We have audited the internal financial controls over financial reporting of MMTC Ltd. ("the Company") as of March 31,2018, in conjunction with our audit of the standalone Ind AS financial statements of the Company for the year ended on that date.

Managements Responsibility for Internal Financial Controls:

The Companys Management is responsible for establishing and maintaining internal financial controls based on the internal control over financial reporting criteria established by the Company considering the essential components of internal control stated in the Guidance Note on Audit of Internal Financial Controls Over Financial Reporting issued by the Institute of Chartered Accountants of India (the ICAI). These responsibilities include the design, implementation and maintenance of adequate internal financial controls that were operating effectively for ensuring the orderly and efficient conduct of its business, including adherence to Companys policies, the safeguarding of its assets, the prevention and detection of frauds and errors, the accuracy and completeness of the accounting records, and the timely preparation of reliable financial information, as required under the Companies Act, 2013.

Auditors Responsibility:

Our responsibility is to express an opinion on the Companys internal financial controls over financial reporting based on our audit. We conducted our audit in accordance with the Guidance Note on Audit of Internal Financial Controls Over Financial Reporting and the Standards on Auditing, issued by the ICAI deemed to be prescribed under section 143(10) of the Companies Act, 2013, to the extent applicable to an audit of internal financial controls. Those Standards and the Guidance Note that we comply with ethical requirements and plan and perform the audit to obtain reasonable assurance about whether adequate internal financial controls over financial reporting was established and maintained and if such controls operated effectively in all material respects.

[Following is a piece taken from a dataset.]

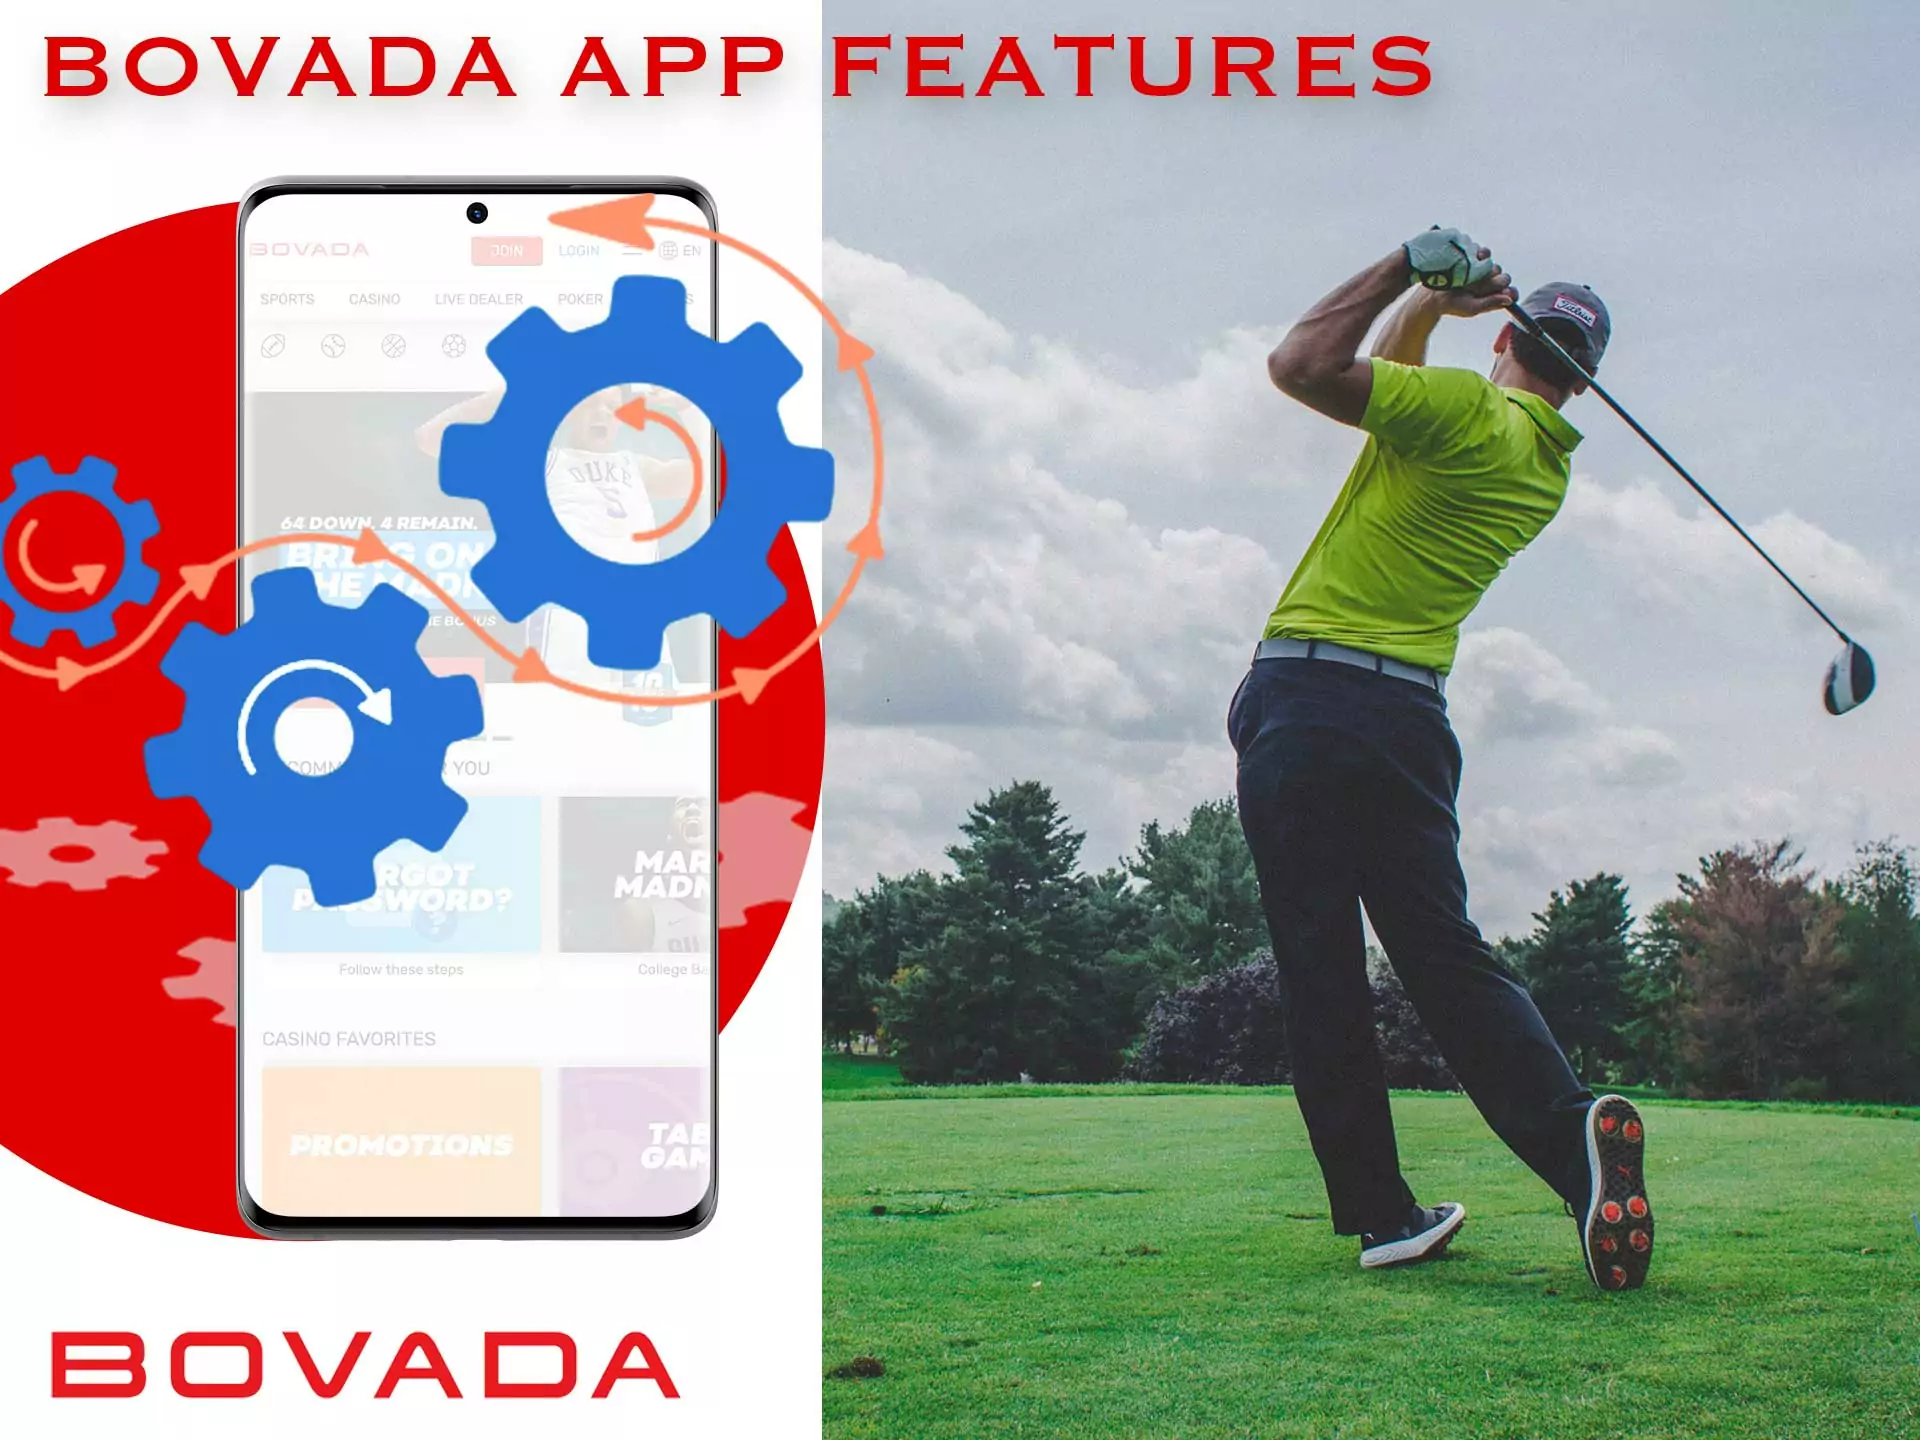 The Bovada app has features that allow you to enjoy the game more and make it easier.

Our audit involves performing procedures to obtain audit evidence about the adequacy of the internal financial controls system over financial reporting and their operating effectiveness.Our audit of internal financial controls over financial reporting included obtaining an understanding of internal financial controls over financial reporting, assessing the risk that a material weakness exist, and testing and evaluating the design and operating effectiveness of the internal control based on the assessed risk . The procedures selected depend on the auditors judgment, including the assessment of risks of material misstatements of the Ind AS financial statements, whether due to fraud or error.

We believe that the audit evidence we have obtained is sufficient and appropriate to provide a basis of our audit opinion on the Companys internal financial controls system over financial reporting.

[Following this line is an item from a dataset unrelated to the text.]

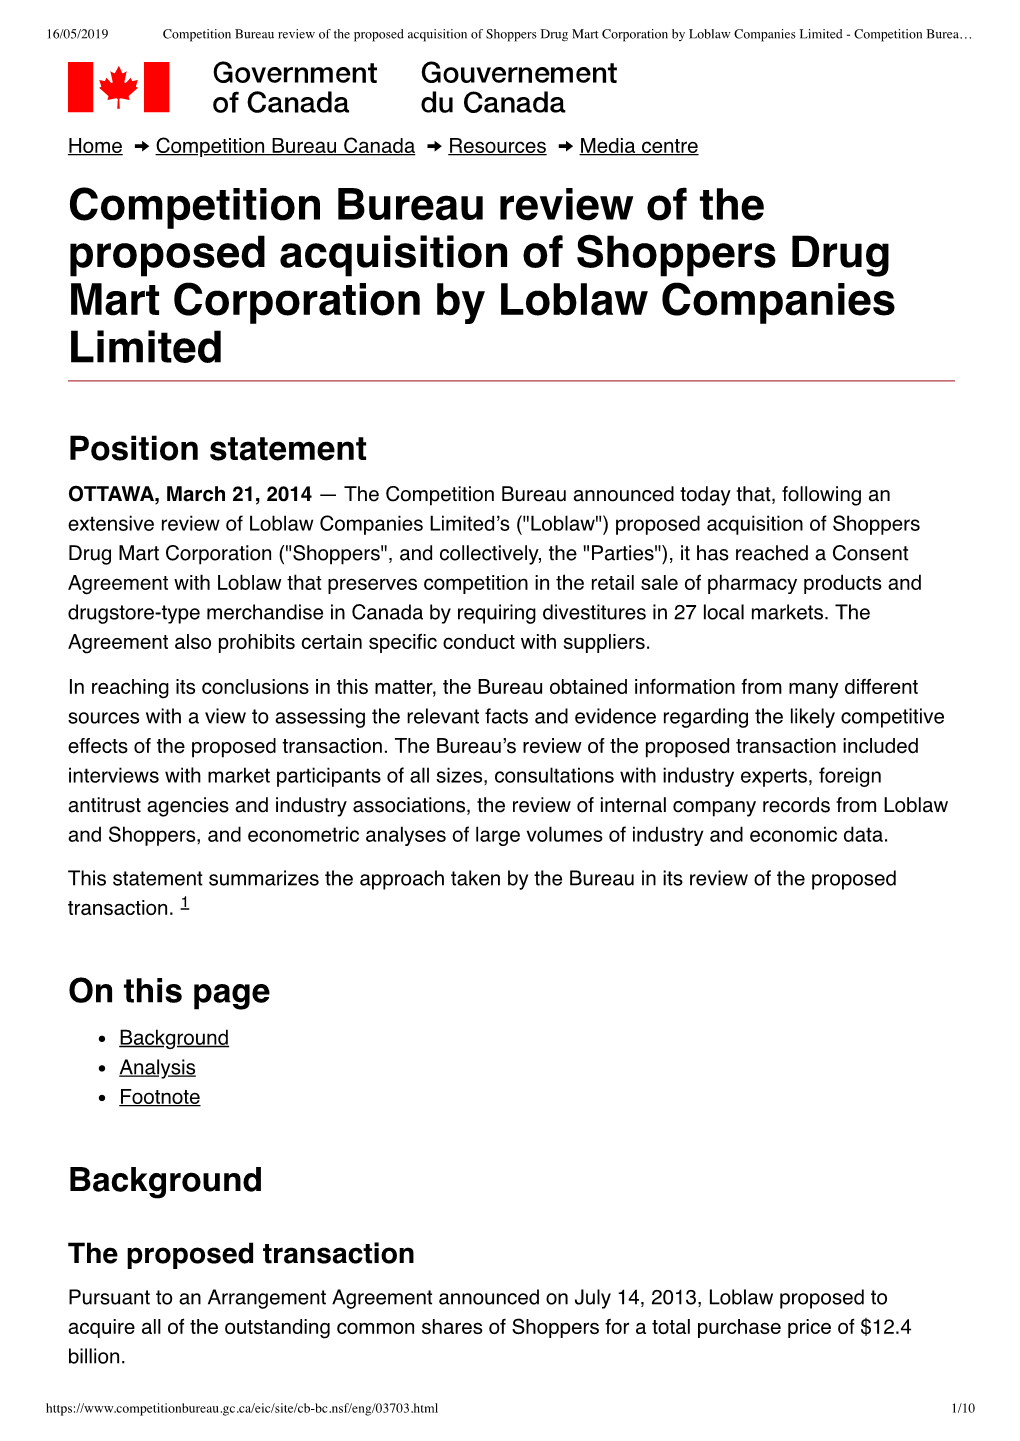 Competition Bureau Review of the Proposed Acquisition of Shoppers Drug Mart Corporation by Loblaw Companies Limited - Competition Burea…

Meaning of Internal Financial Controls over Financial Reporting:

A companys internal financial control over financial reporting is a process designed to provide reasonable assurance regarding the reliability of financial reporting and the preparation of Ind AS financial statements for external purposes in accordance with generally accepted accounting principles. A companys internal financial control over financial reporting includes those policies and procedures that:

1. Pertain to the maintenance of records that, in reasonable detail, accurately and fairly reflect the transactions and dispositions of the assets of the company;

2. Provide reasonable assurance that transactions are recorded as necessary to permit preparation of Ind AS financial statements in accordance with generally accepted principles, and that receipts and expenditures of the company are being made only in accordance with authorizations of management and directors of the company; and

3. Provide reasonable assurance regarding prevention or timely detection of unauthorized acquisition, use, or disposition of the companys assets that could have a material effect on the Ind AS financial statements.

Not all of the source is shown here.